Rooted or Rootless? The Reality of Third Culture Adults

by Martha Mumba | Oct 3, 2025 | Features

For many people, home is a singular, familiar place. Home could be a childhood house, a city or neighbourhood we have known our whole lives, or even the country we are from. However, for Adult Third Culture Kids (ATCKs), the concept of home is far more complex. Growing up in a country that is different from your parents’ homeland raises important questions: Where is home? Where am I from?

ATCKs grow up in different environments from their parents and often have to navigate and balance the diverse cultures of their host country and their parents’ culture. As ATCKs grow into adulthood, their multicultural upbringing shapes their identity, career paths, and relationships in unique ways. This raises the question: are they rootless, or are they rooted everywhere? 

The Three Pillars of Identity 

According to Wherapy, ATCKs balance three different pillars:

  1. The homeland: the country whose passport declares “home”
  2. The host culture: where they grew up
  3. The in-between identity: the individual’s identity is not tied to one place; therefore, they are considered a global nomad

Nokutenda, a first-year student born in Zimbabwe and raised in Eswatini, described this duality vividly. “At home, my parents made sure I stayed connected to Zimbabwean values, but outside, I had to adjust to Swazi culture.

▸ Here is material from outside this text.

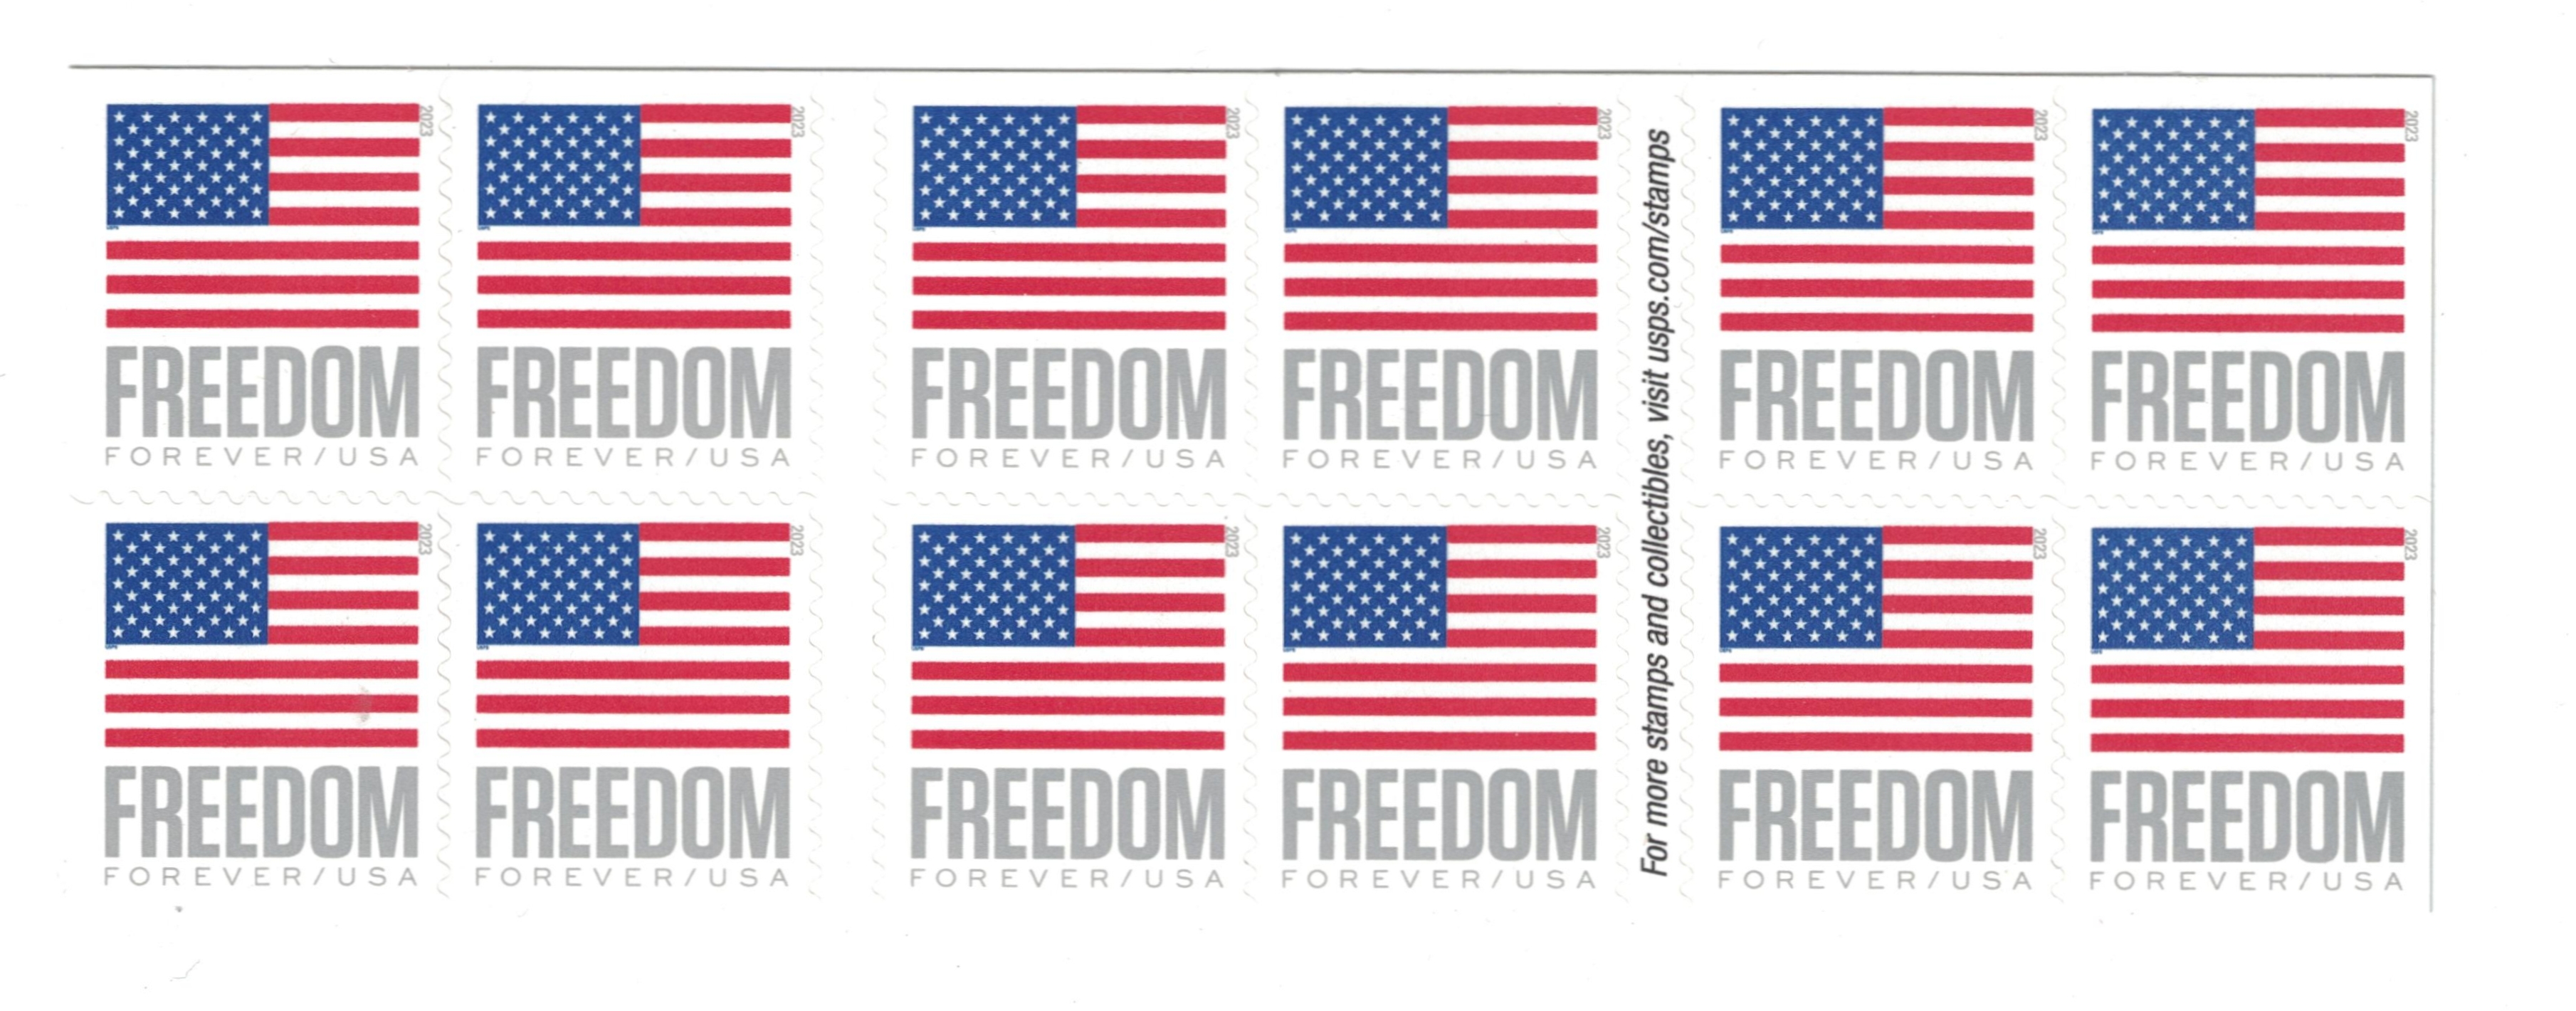 2023 US Flag Forever Stamps Book | Color: White | Size: Os | Gjqjmhgrsd's Closet

It’s like living in two worlds at once,” they said.

The Perks of Being an ATCK

Being an ATCK is not all about existential dread and frequent identity crises. There are a few perks:

  • Multilingual flex: Who does not want to boast about knowing multiple languages and casually drop a “merci” mid-sentence?
  • Cultural fluency: Constantly switching between customs, languages, and norms builds adaptability and creates a deeper understanding of the world. 
  • International foodie: Our taste buds have either been blessed or left in absolute shock with different cuisines. Not only do we learn new recipes, but if we are lucky, we are let in on the “secret ingredient” to a generational recipe.

Hope, a first-year student born in Zimbabwe and raised in South Africa, shared how this exposure shaped her perspective. She said, “The best part is to experience different types of people from all walks of life. It teaches you to soften your heart regarding other people’s experiences.”

Being able to become deeply adaptable to surrounding environments at such an early age increases your cultural awareness and sensitivity. This can help enhance cross-cultural communication and language skills, as well as making you ideal for careers or work that involves global settings or connecting with diverse groups of people. 

The Flip Side of Floating between Worlds

Despite the many strengths that come with growing up as a ATCK, the challenges run just as deep.

  • Where is home, really: Beyond everywhere and nowhere at the same time, the concept of identity becomes quite unstable.
  • Imposter syndrome: Can one truly “claim” a culture in which they were not fully raised? Who gets to decide that?
  • No long-term roots: Family ties and past and current friendships can feel transient at times. It is awkward going back to your homeland, especially if you have been gone for a while. This could result in feeling like you do not belong. 

Hope explained, “The hardest thing is not fully identifying with my home and host cultures. Fragments of me can identify with South Africa because I’ve lived here my whole life, and other parts of me identify strongly with being Zimbabwean.” Nokutenda shared a similar sentiment, highlighting the emotional weight of this balancing act. “The hardest part is feeling like you don’t completely fit anywhere… I’ve had to take it upon myself to learn both cultures because it’s frowned upon when you don’t make the effort.”

There is a sense of displacement, a feeling that you belong everywhere and nowhere at the same time. There is also the struggle of identity and questioning which culture truly represents you. Do you have the approval to honestly say that you belong in a certain community without feeling like this is technically not true?

So… Rooted or Rootless?

The interesting thing about ATCKs is that they have their own unique sense of belonging and identity. Perhaps, they are rooted everywhere and nowhere at the same time. “Home isn’t really tied to one country for me,” Nokutenda shared. “It’s more of a feeling. It’s in the people I love, in the food, the language, and the spaces where I feel safe and understood.”

Perhaps it is not really about where we are from, but instead, how we thrive in the third pillar – the in-between. After all, who needs just one home when the world can be ours. You will meet the best and worst people everywhere you go, but what matters is the home you have made for yourself and the people we have met along the way.